Читать книгу Population Genetics - Matthew B. Hamilton - Страница 43
Gametic disequilibrium
ОглавлениеWe saw earlier in the chapter that Hardy–Weinberg could be extended to give expected genotype frequencies for two loci using via the product rule. While this is accepted without question now, in the early days of population genetics, it was a challenge to explain. In 1902, Walter Sutton and Theodor Boveri advanced the chromosome theory of heredity. They observed cell division and hypothesized that the discrete bodies seen separating into sets at meiosis and mitosis contained hereditary material that was transmitted from parents to offspring. At the time, the concept of chromosomal inheritance presented a paradox. Mendel's second law says that gamete haplotypes (haploid genotype) should appear in frequencies proportional to the product of allele frequencies. This prediction conflicted with the chromosome theory of heredity since there are not enough chromosomes to represent each hereditary trait.
To see the problem, take the example of Homo sapiens with a current estimate of about 20 000 protein coding genes in the nuclear genome. However, humans have only 23 pairs of chromosomes, or a large number of loci but only a small number of chromosomes. So, if chromosomes are indeed hereditary molecules, many genes must be on the same chromosome (on average about 870 genes per chromosome for humans if there are 20 000 genes). This means that some genes are physically linked by being located on the same chromosome. The solution to the paradox is the process of recombination. Sister chromatids touch at random points during meiosis and exchange short segments, a process known as crossing‐over (Figure 2.18).
Figure 2.18 A schematic diagram of the process of recombination between two loci, A and B. Two double‐stranded chromosomes (drawn in color and gray) exchange strands and form a Holliday structure. The cross over event can resolve into either of two recombinant chromosomes that generate new combinations of alleles at the two loci. The chance of a cross over event occurring generally increases as the distance between loci increases. Two loci are independent when the probability of recombination and non‐recombination are both equal to ½. Gene conversion, a double cross over event without exchange of flanking strands, is not shown.

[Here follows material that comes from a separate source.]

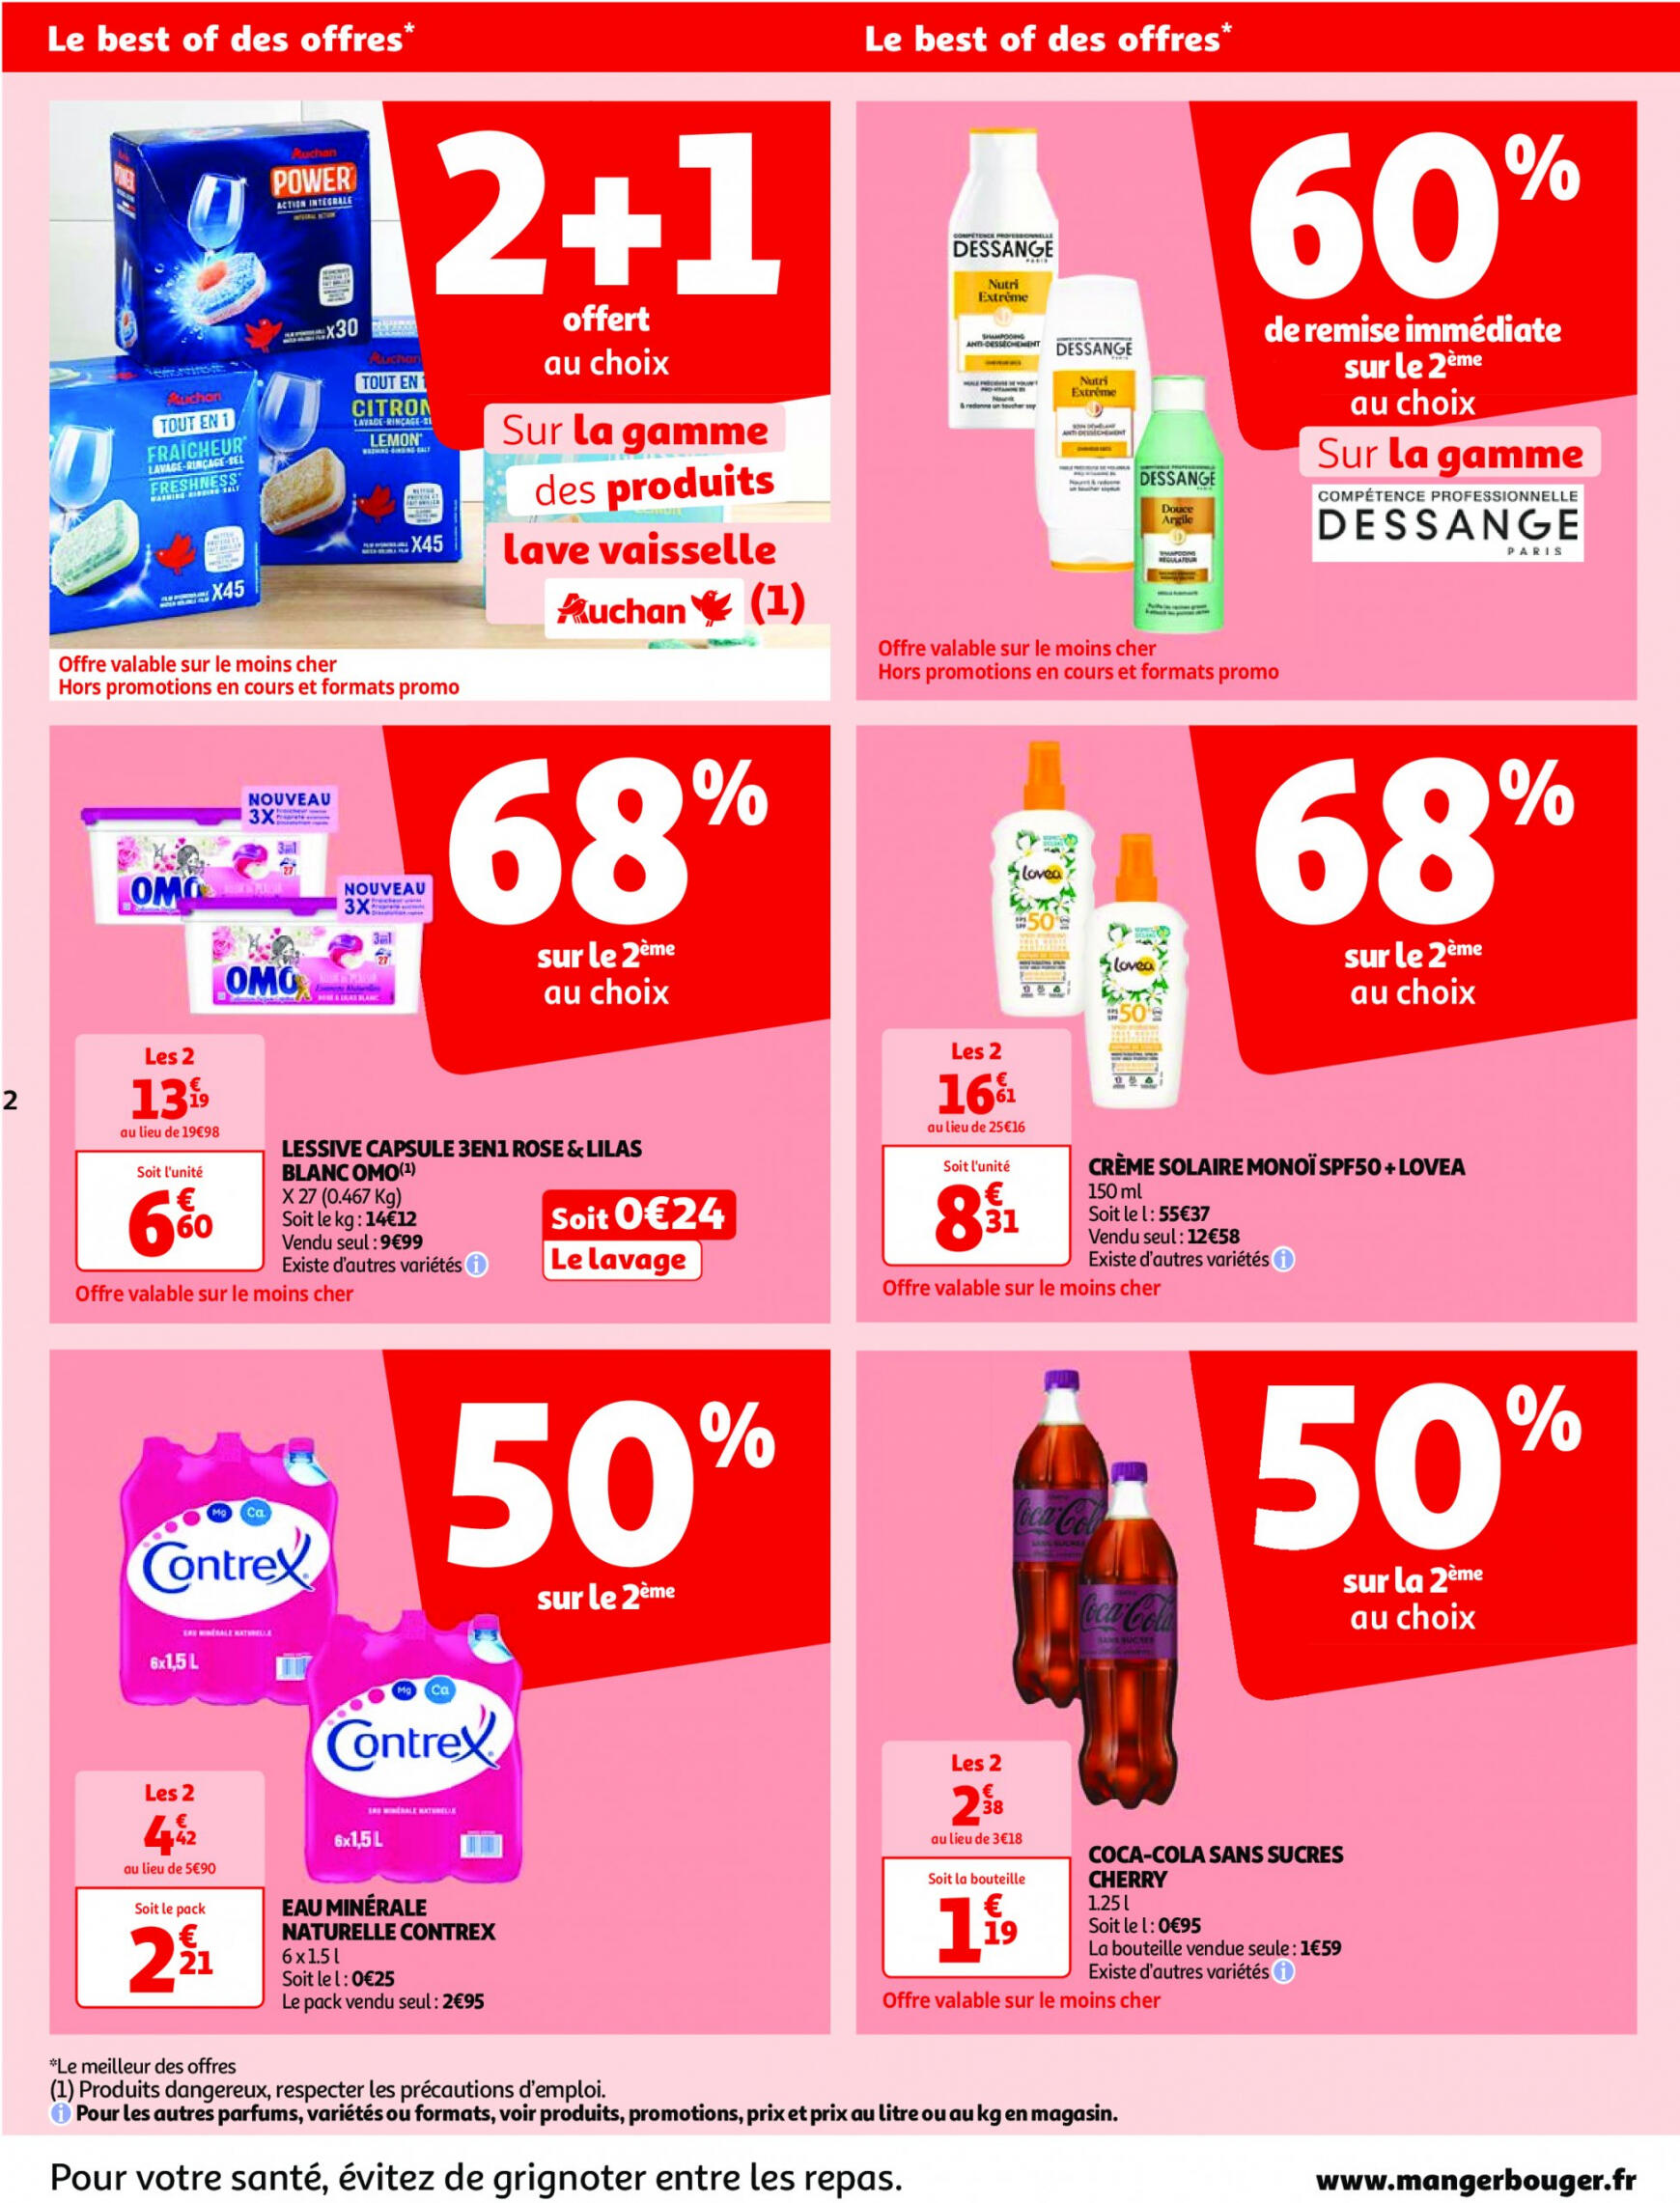 auchan - Auchan - Nos surgelés ont tout bon folder huidig 14.05. - 21.05. - page: 2

Linkage of loci has the potential to impact multilocus genotype frequencies and violate Mendel's law of independent segregation, which assumes the absence of linkage. To generalize expectations for genotype frequencies for two (or more) loci requires a model that accounts explicitly for linkage by including the rate of recombination between loci. The effects of linkage and recombination are important determinants of whether or not expected genotype frequencies under independent segregation of two loci (Mendel's second law) are met. Autosomal linkage is the general case that will be used to develop expectations for genotype frequencies under linkage.

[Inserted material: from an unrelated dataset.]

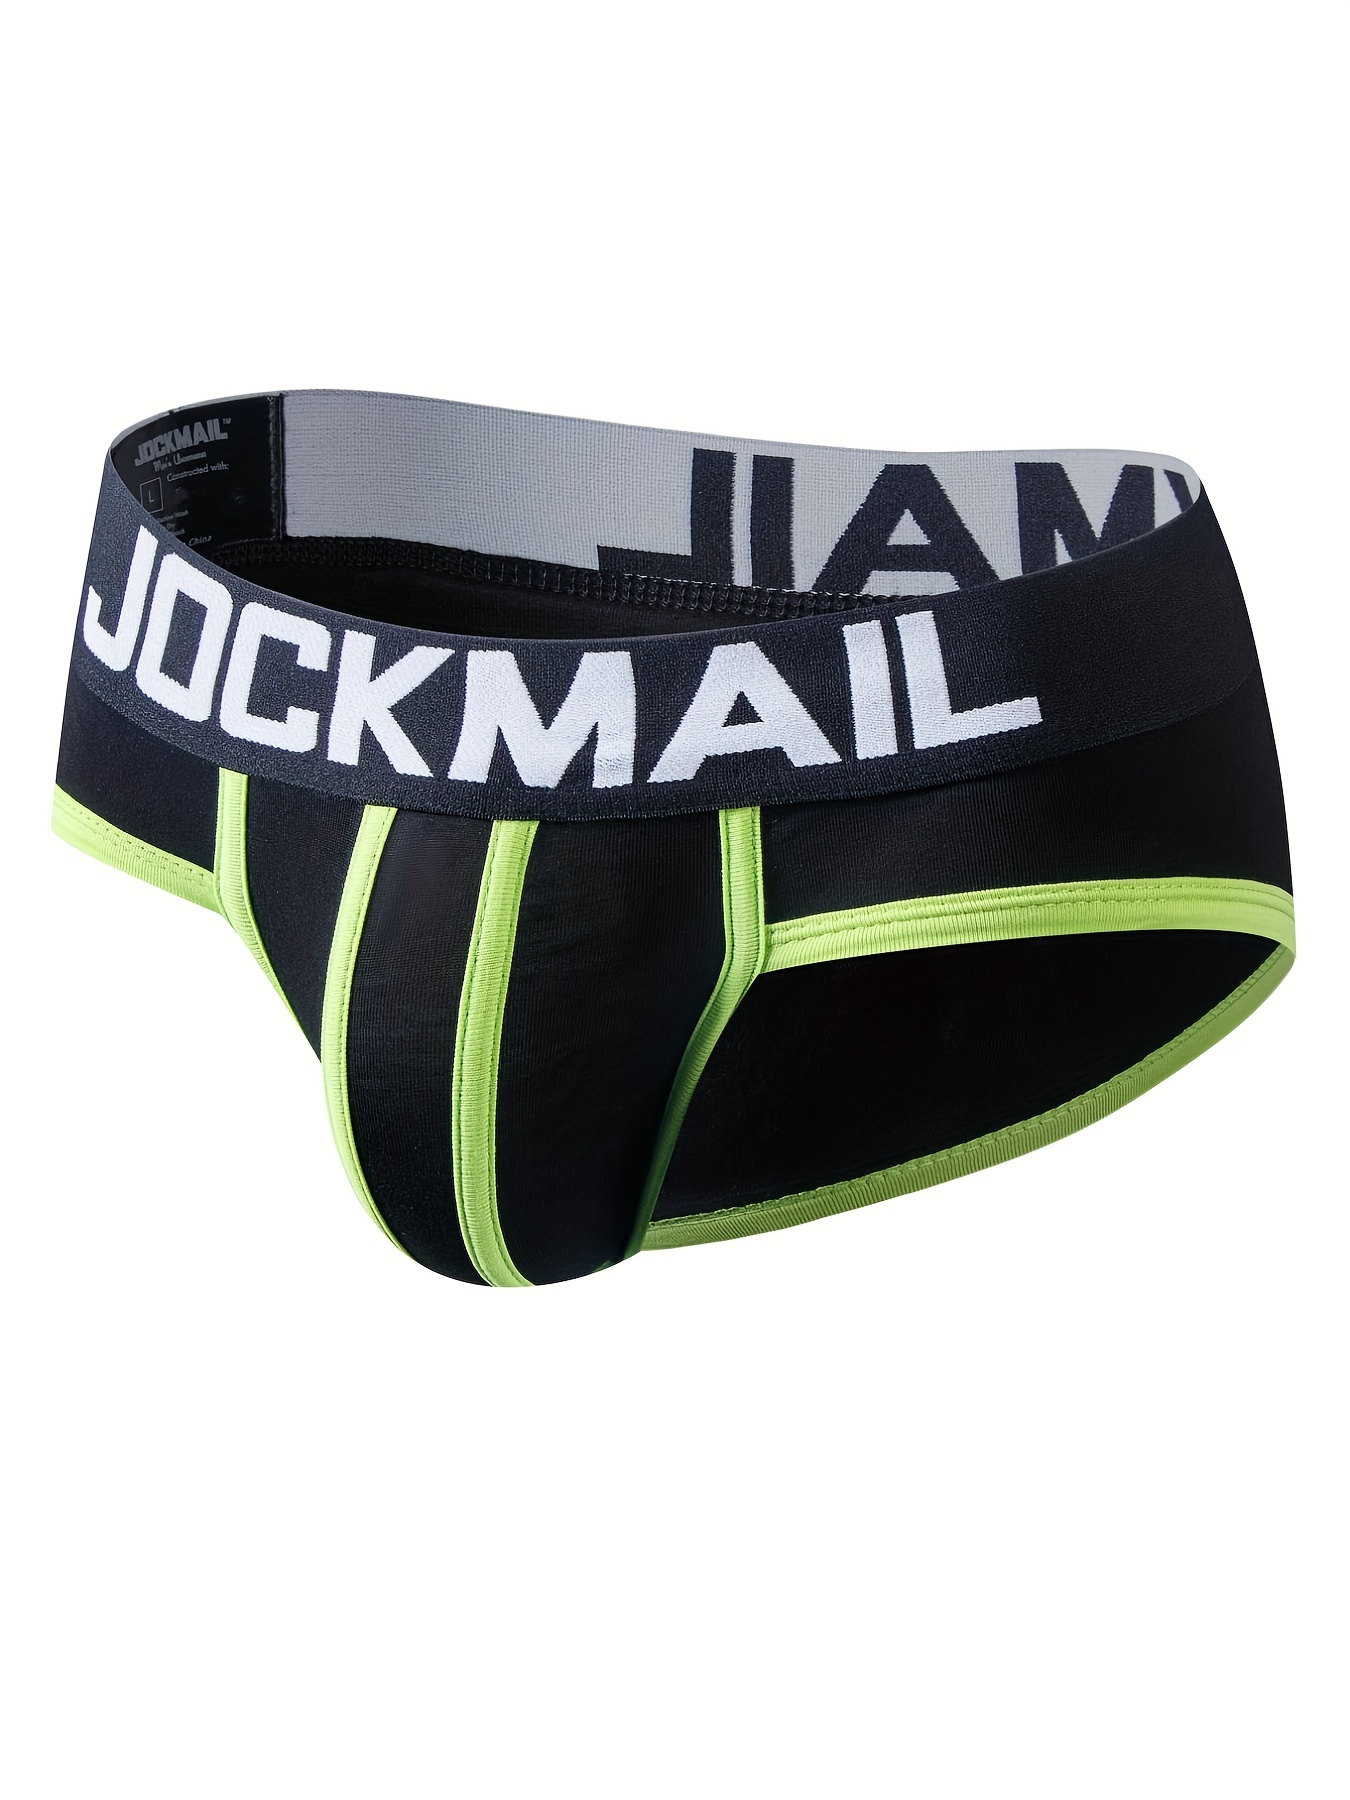 JOCKMAIL 3PCS/Packs Men Underwear Briefs Cotton Mens Briefs Low

The frequency of a two‐locus gamete haplotype will depend on two factors: (i) allele frequencies and (ii) the amount of recombination between the two loci. We can begin to construct a model based on the recombination rate by asking what gametes are generated by the genotype A1A2B1B2. Throughout this section, loci are indicated by the letters, alleles at the loci by the numerical subscripts, and allele frequencies by p1 and p2 for locus A and q1 and q2 for locus B. The problem is easier to conceptualize if we draw the two‐locus genotype as being on two lines akin to chromosomal strands
A1 | B1 |
A 2 | B 2 |
This shows a genotype as two haplotypes and reveals phase or the sets of alleles packaged together on the same chromosomal strand (in contrast to writing the genotype as A1A2B1B2 where phase would be unknown). Given this physical arrangement of the two loci, what are the gametes produced during meiosis with and without recombination events?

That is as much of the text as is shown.